Коппеноль со своего места отдавал приказания, распоряжался всем, устраивал все. В зале поднялись страшный шум и суета. Кардинал, возмущенный всем этим не меньше Гренгуара, сославшись на неотложные дела и вечернюю службу, поспешил уйти вместе со своей свитой. И вся эта толпа, которую так взволновало его прибытие, теперь даже не заметила его ухода. Один только Гильом Рим отметил бегство его преосвященства.

Внимание толпы обратилось в другую сторону; оно в этот день обращалось вокруг зала, как солнце вокруг земли. Сначала оно было устремлено на один конец зала, потом перешло на середину, а оттуда на другой конец. Мраморный помост и парчовая эстрада уже получили свое, -- наступила очередь капеллы Людовика XI. Теперь открывалось широкое поле для всяких безумств: в зале остались только фламандцы и сброд.

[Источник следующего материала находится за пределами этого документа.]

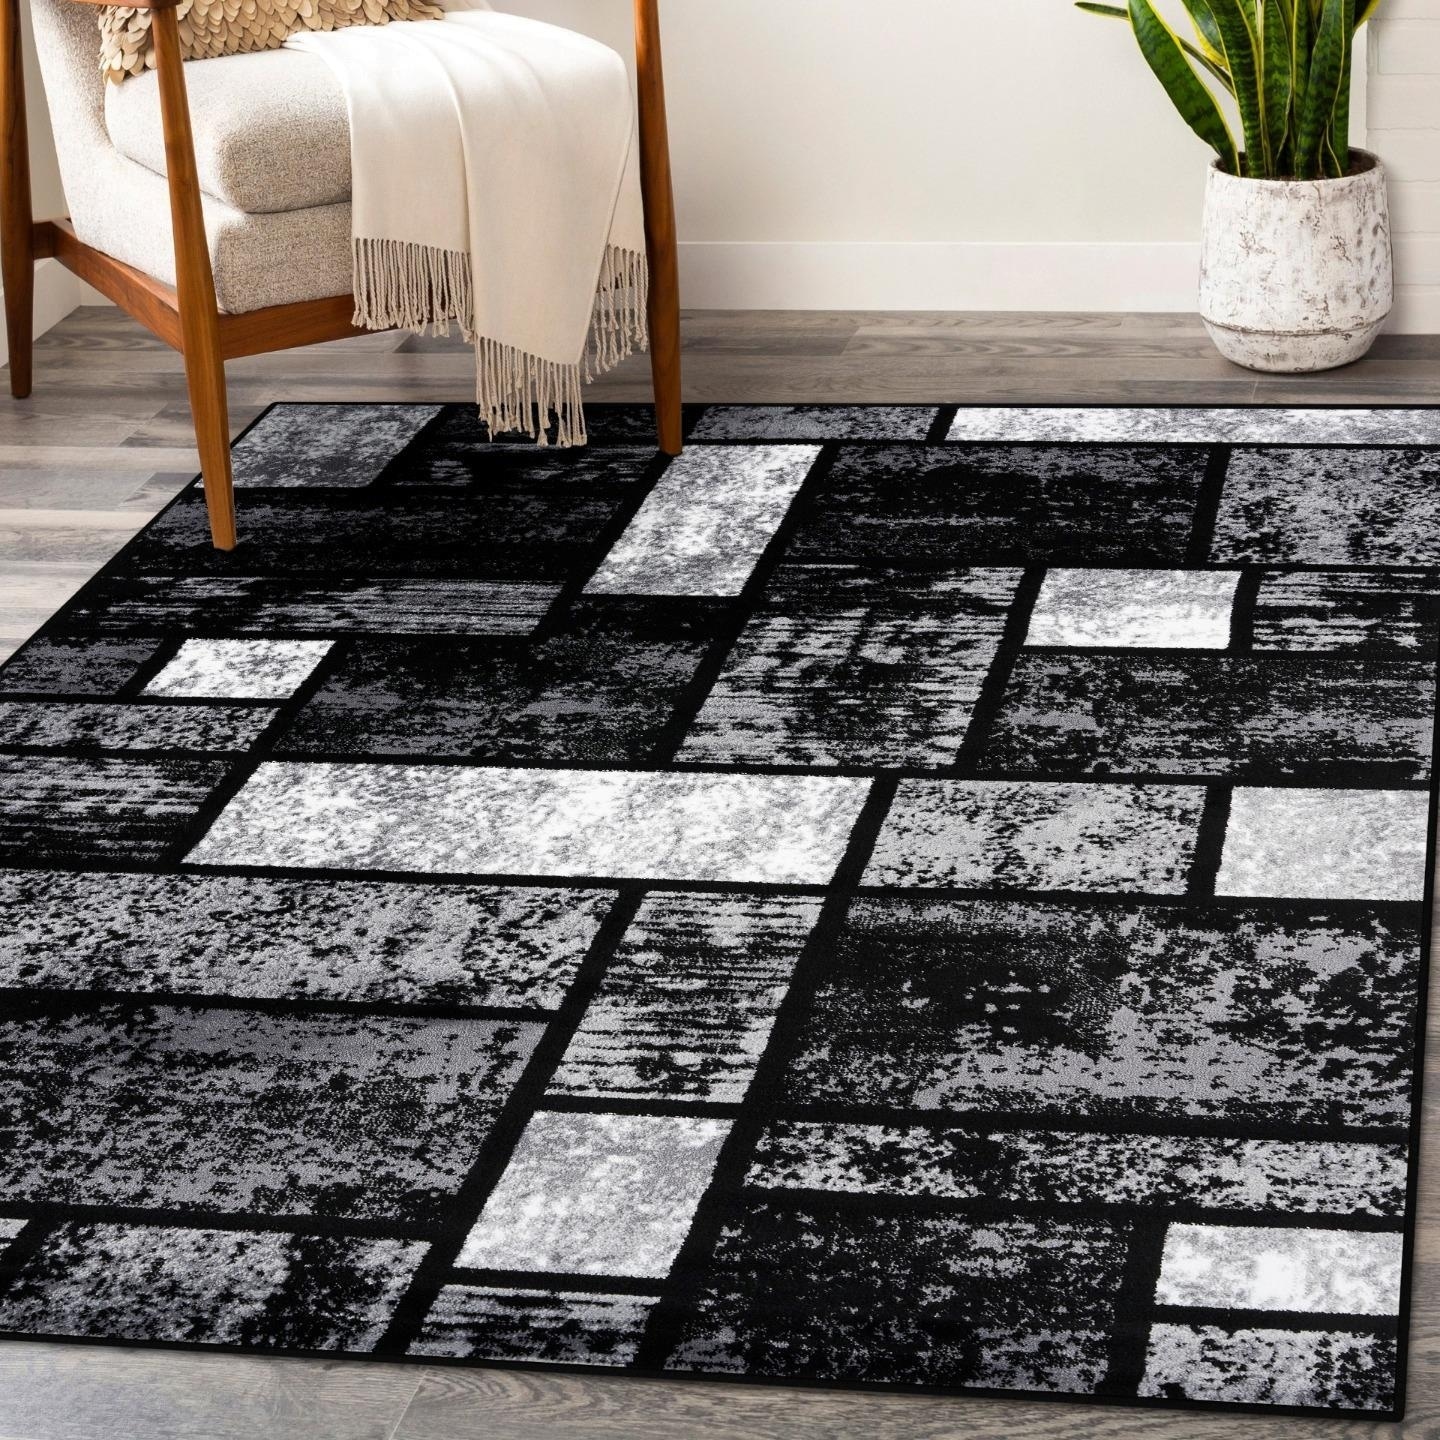 https://ak1.ostkcdn.com/images/products/is/images/direct/65baabd18810034ee9977642a2e16f6f46ccd03a/Luxe-Weavers-Geometric-Squares-Modern-Area-Rug.jpg

Начались гримасы. Первая показавшаяся в отверстии физиономия с вывернутыми веками, разинутым, точно пасть, ртом и собранным в складки лбом, похожим на гусарские сапоги времен Империи, возбудила такой неудержимый хохот, что Гомер, наверное, принял бы этих крестьян и горожан за богов. Между тем большой зал ничуть не походил на Олимп, и бедный Юпитер Гренгуара знал это лучше всякого другого. За первой страшной рожей появилась другая, потом третья, а хохот и восхищение толпы все увеличивались. В этом зрелище было что-то безумное, какое-то могучее упоение и очарование, о котором трудно составить понятие читателю нашего времени. Вообразите себе, что перед вами проходит целая серия лиц, представляющих собой все геометрические фигуры, от треугольника до трапеции и от конуса до многогранника; выражения всех человеческих чувств, от гнева до сладострастия; все возрасты, от морщин новорожденного до морщин умирающей старухи; все религиозные фантасмагории, от Фавна до Вельзевула; все профили животных, от пасти до клюва, от кабаньей головы до мордочки лисицы. Представьте себе, что все чудовищные изваяния Нового моста, эти кошмары, воплощенные в камень рукой Жермена Пилона, вдруг ожили и устремили на вас свои сверкающие глаза, -- вообразите себе, что перед вами проходят все маски венецианского карнавала, весь человеческий калейдоскоп.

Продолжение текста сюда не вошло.